Last June in an interview, Metrick said orchestrating the split wasn’t as complicated as others had imagined. Hudson’s Bay Co. had already decentralized its shared services structure, enabling its divisions to operate more independently, and by the time the split was announced on March 5, 2020, the work to separate saks.com and Saks stores had already been underway. He said more than 150 operating service agreements and 150-plus transitional agreements were established between the two companies, that saks.com charges fees for the services it provides to SFA, and vice versa, and that the intellectual property is owned by saks.com.

Saks.com’s chief merchandising officer Tracy Margolies and her team handle the buying and merchandising for saks.com and Saks Fifth Avenue stores. Emily Essner, chief marketing officer of saks.com, is in charge of all the pricing, promotion and brand image for saks.com and the Saks Fifth Avenue stores. For the merchandising and marketing, saks.com charges fees to SFA, Metrick said. Meanwhile, because the SFA stores company is handling such functions and services as buy online, pick up in stores; returns; exchanges and alterations, SFA charges saks.com fees through the operating service agreements.

The strategy could catch on but experts say it’s not likely for high-multiple companies like Costco, or even Walmart Inc., which are driven far more by store operations than by the internet, compared to Macy’s and Saks. They also compare the Saks stores to being a “franchisee” of saks.com.

Some complications could come from how merchandise is handled. For example, if a fashion item is bought online and returned to a Saks store, it must be sent back to the dot-com operation. Days are lost trying to sell something that is perishable over time. Also, many shoppers select items online but want to pick up items in-store. Not everything seen online is available in the store, but Saks store associates are trained to help in-store shoppers purchase online.

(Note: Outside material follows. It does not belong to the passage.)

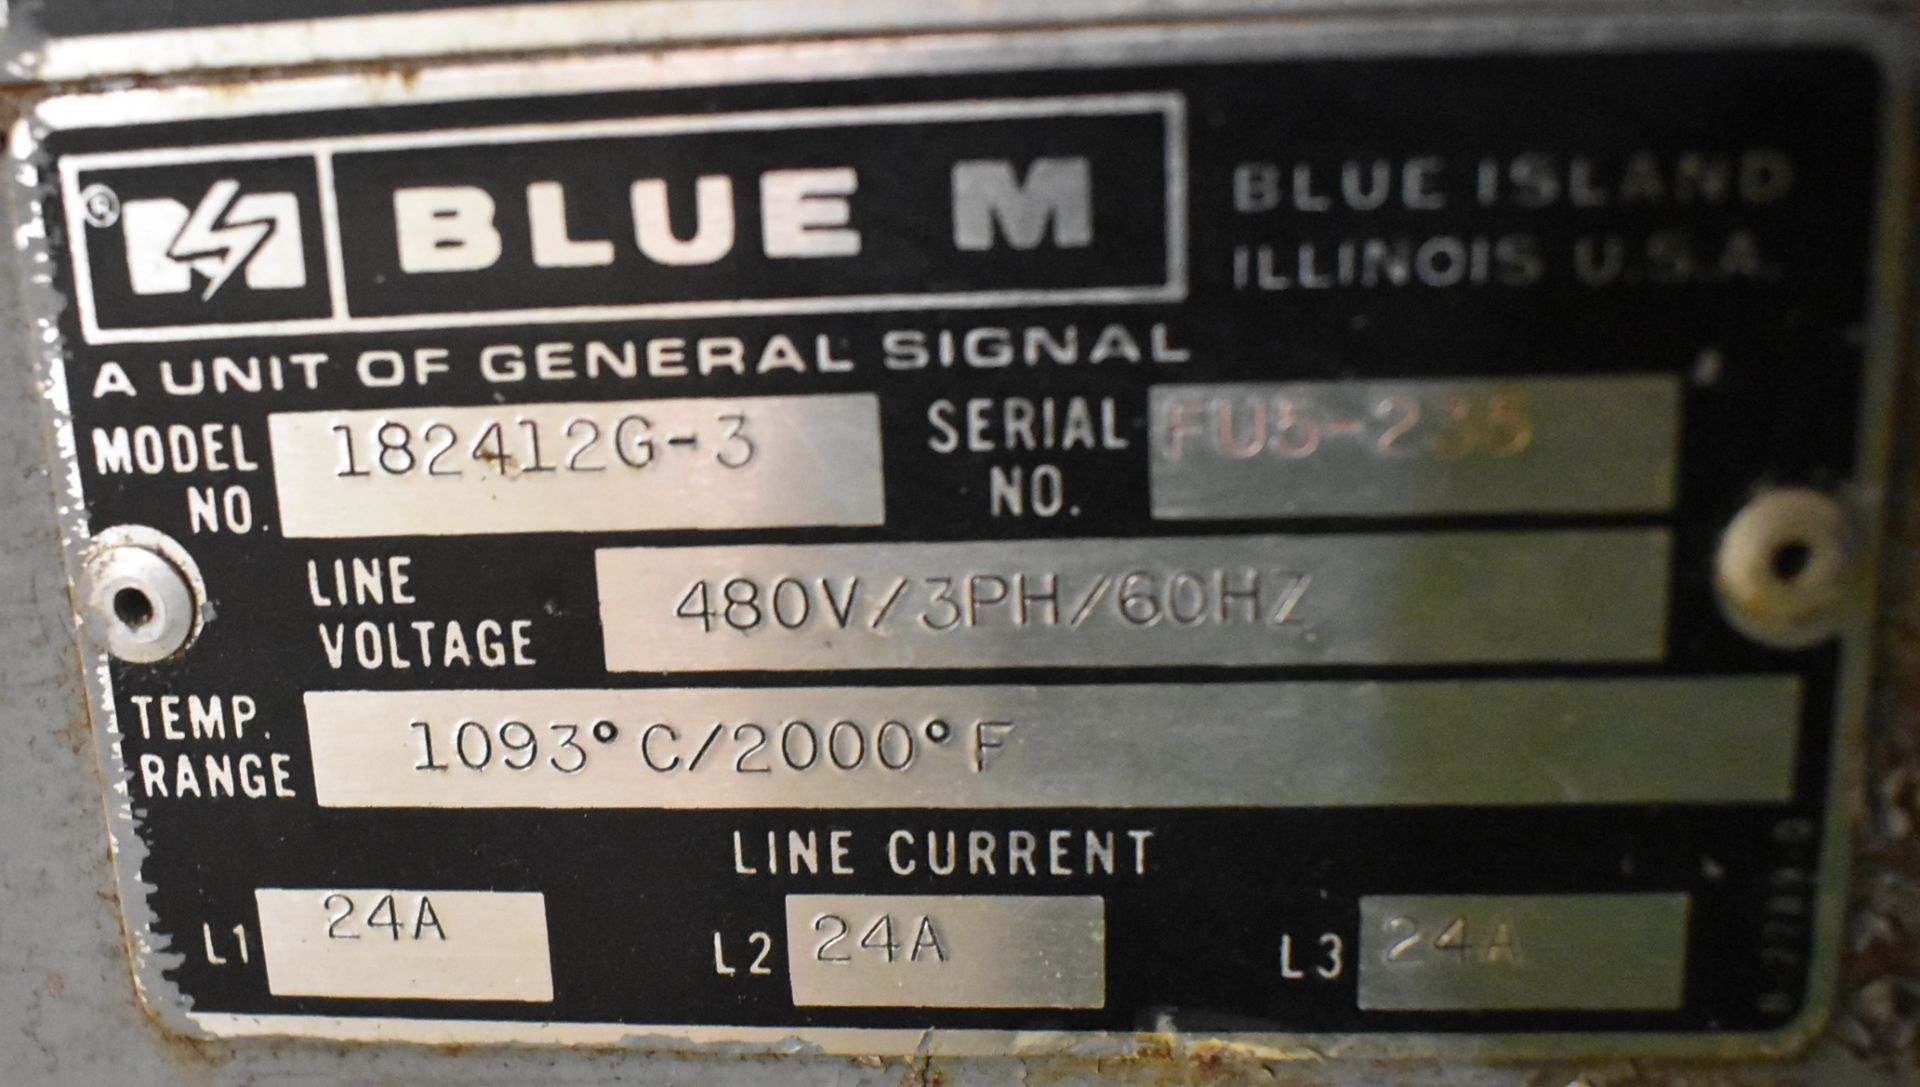 BLUE M 182412G-3 ELECTRIC BOX FURNACE WITH 2000 DEG. F. MAX. TEMPERATURE, 18"X12"X24"D INTERIOR - Image 4 of 4

“The separation has been working much better than they imagined,” said one source familiar with Saks Fifth Avenue. “With the private equity investment in saks.com, they have been spending more on marketing, buying more categories and buying in greater depth in the older categories. There is more inventory available in stores and online, and if you go and visit a store today, nothing is different. If anything, there is an improvement. This isn’t the first time Baker is disrupting the retail landscape.”